• 5 temmuzda yayınlanmaya başlayacak yeni sailor moon serisi.

    trailer

    websitesi

    facebook sayfası

    2011'den beri söylenti olarak duyduğumuz şey sonunda gerçek oluyor ve resmen 15 gün gibi bir süre kaldı. düşündükçe elim ayağım titriyor.

    edit: yazmayacaktım ama madem yarın 2. bölüm geliyor. ilk bölüm hakkında bir yorumum bulunsun.

    çizimler niye o kadar kötü? niye yani? neden bunu bize yapıyorsunuz? özenmeyecektiniz niye başladınız o zaman bu işe? elbette izlemeyi bırakamam ama neden yapıyorsunuz bunu?
  • ilk bölümü yayınlanmış anime.

    http://ch.nicovideo.jp/sailormoon-turkish

    seyrettikten sonra gelen edit: gayet beğendiğim bir bölüm olmuştur. şahsen bana eski nostaljik duyguları yaşatmayı başardı. bu arada mangasını bilmiyorum ancak ilk bölümün eski animedeki ilk bölümden hiçbir farkı yok. olaylar yine aynı şekilde gelişiyor. usagi yine çok sulu gözlü ve sakar. ancak animeyi çok daha modernize etmişler. araya artwork çizimler koymuşlar çok şık olmuş. belki eskisine alışkın olanlar yeni versiyonu biraz yadırgayabilir. bu arada tek gözüme batan şey mamaru'nun gündüz vakti smokinle dolaşması. yani adam etkileyici gözüksün diye de bu kadar saçmalanmaz. şahsen serinin meraklıları kesinlikle kaçırmasın vakit ayırdıklarına pişman olmayacaklar.

    edit 2: malum ortamlarda da yerini almıştır.
  • 2 yıldır çıktı çıkacak deyip nihayetinde toei nin 20. yıl şerefine sürdüğü anime.

    remake olmasına üzüldüm. elbette 94 teki çizim kalitesine göre çok ileri ama bizi hiçbir zaman heyecanlandırmayacak.

    200 bölüm çektikten sonra sürdürmemek mantıklı ama neden olmasın? galaksi savaşçısının evren dengesini korusun diye içine hapsettiği ve sonra galaxia'ya döndürdüğü kaos, başka şekilde tehdit edebilirdi.

    gel gelelim yeni sailor moon ve diğer savaşçı tasarımlarına.
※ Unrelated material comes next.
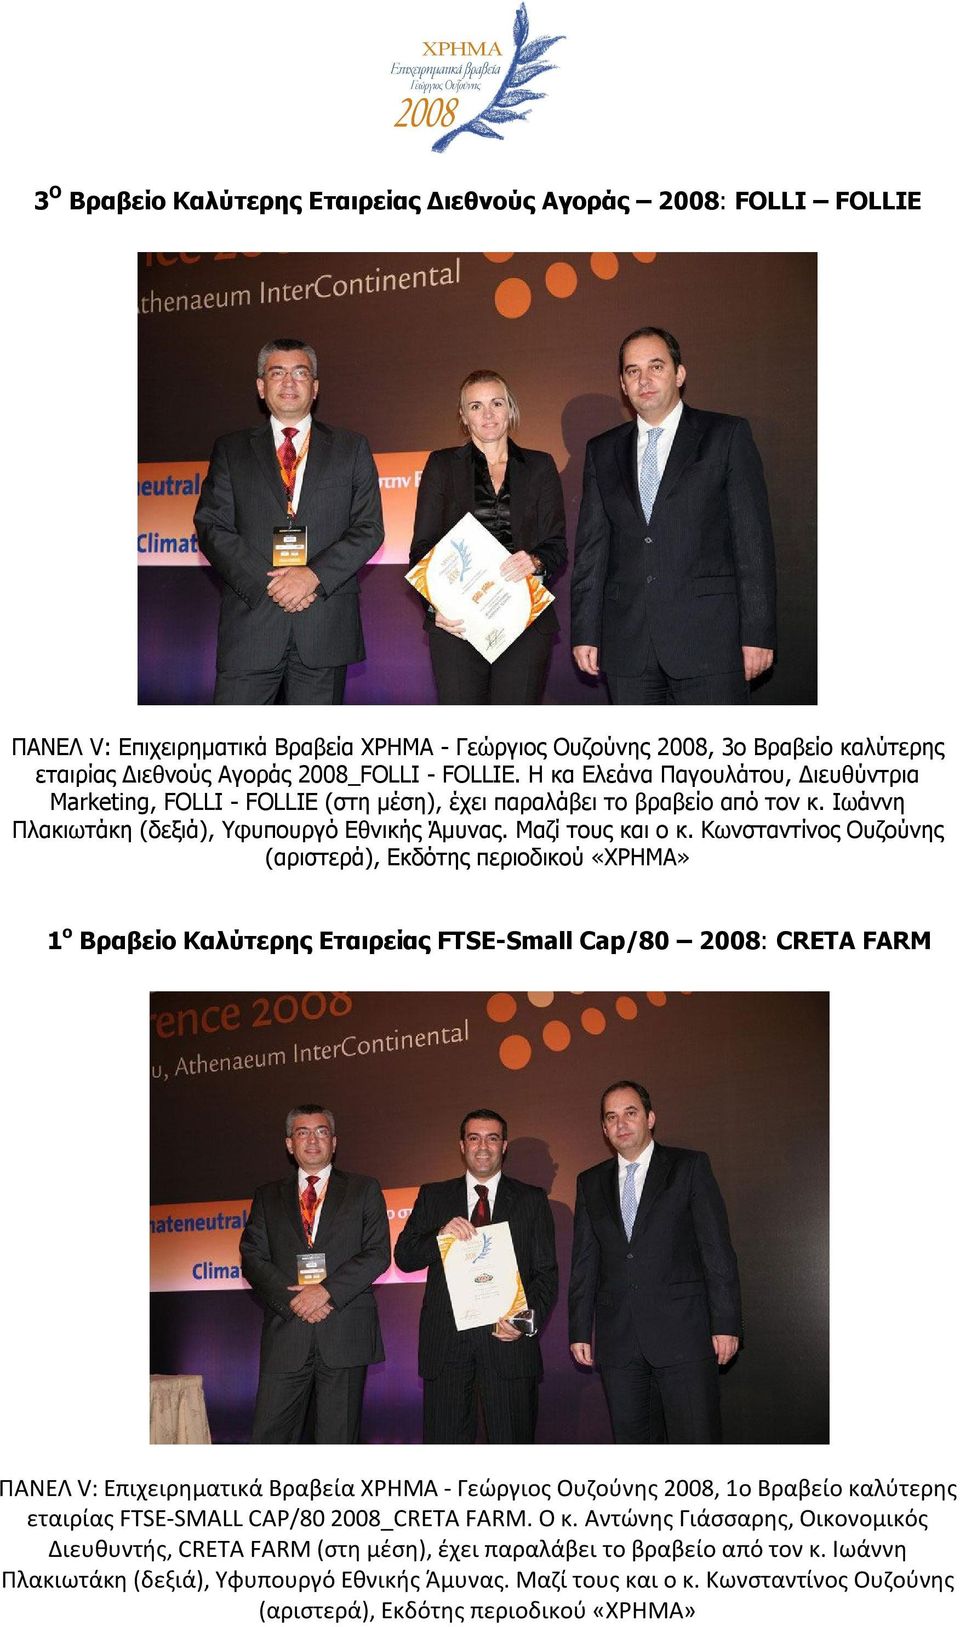 Κωνσταντίνος Ουζούνης (αριστερά), Εκδότης περιοδικού «ΧΡΗΜΑ» 1 ο Βραβείο Καλύτερης Εταιρείας FTSE-Small Cap/80 2008: CRETA FARM ΠΑΝΕΛ V: Επιχειρηματικά Βραβεία ΧΡΗΜΑ - Γεώργιος Ουζούνης 2008, 1ο

    bir kere çok süslü olmuşlar öncekine göre. kollar ve bacaklar aşırı incelip uzamış, ruj gelmiş kakküller vurgulanmış. ben pek sevemedim. yine de kızlar o zarif halleriyle güzeller, küçükken platonik olduğum makoto kino sahneye nasıl çıkacak meraktayım. ay ve gezegen savaşçıları 7/10

    mamoru chiba, nam-ı diğer tuxedo mask, ki anime aleminin tartışmasız yakışıklılarından biridir, asilliğinden zerre kaybetmemiş. fakat ilk bölümden smokinle gündüz gezmek nedir olm? ilkinde yeşil ceket ve kahve pantolonu ile gözüken züppe idi, burada gün ortasında bile smokinle gezen salon beyfendisi. yine de alemi sallıyor, 10/10

    yan karakterler, eski neşelerinden kaybetmemişler. naru-chan, bayan haruna sakurada (taş taş), umino biraz daha özenli çizilmiş. shingo yine gıcık (ben olsam eve almazdım diyor, piç işte), anne yine öfkeli. motoki'yi neden biraz ibnemtrak yapmışlar anlamadım son 5 yıldır anime erkeklerinde şaft kayması var, mamoru'yu zorlar bir tipken şimdi fatih ürek ağızlı olmuş. kıssadan hisse totalde iyiler 9/10

    kötü karakterleri tam göremedik. jadeite, ilk seride çıkan ilk kötümüz. karizmasından kaybetmemiş. ileride nephrite gelecek, şimdiki küçük kızların aklını çelecek, kazık kadar büyük kadınları küçücük kız gibi pırpır ettirecek mi? kötü askerler daha estetik çizilmiş, fena değiller ama ben tam kötü havası görmedim. 8/10

    gelgelelim konuya.

    konuda hafif törpülenmeyi, sailor moon fanları fark ettiğini düşünüyorum. mamoru, ilk çekimde (1994) tuxedo mask olduğunun farkında değildi, krize giriyor ve kimliğine bürünüyordu. hatırlarsanız, 7 kristalden ilkini alınca onun gücüyle kimliğini öğreniyordu (ikinci veya üçüncü de olabilir, bilemedim.)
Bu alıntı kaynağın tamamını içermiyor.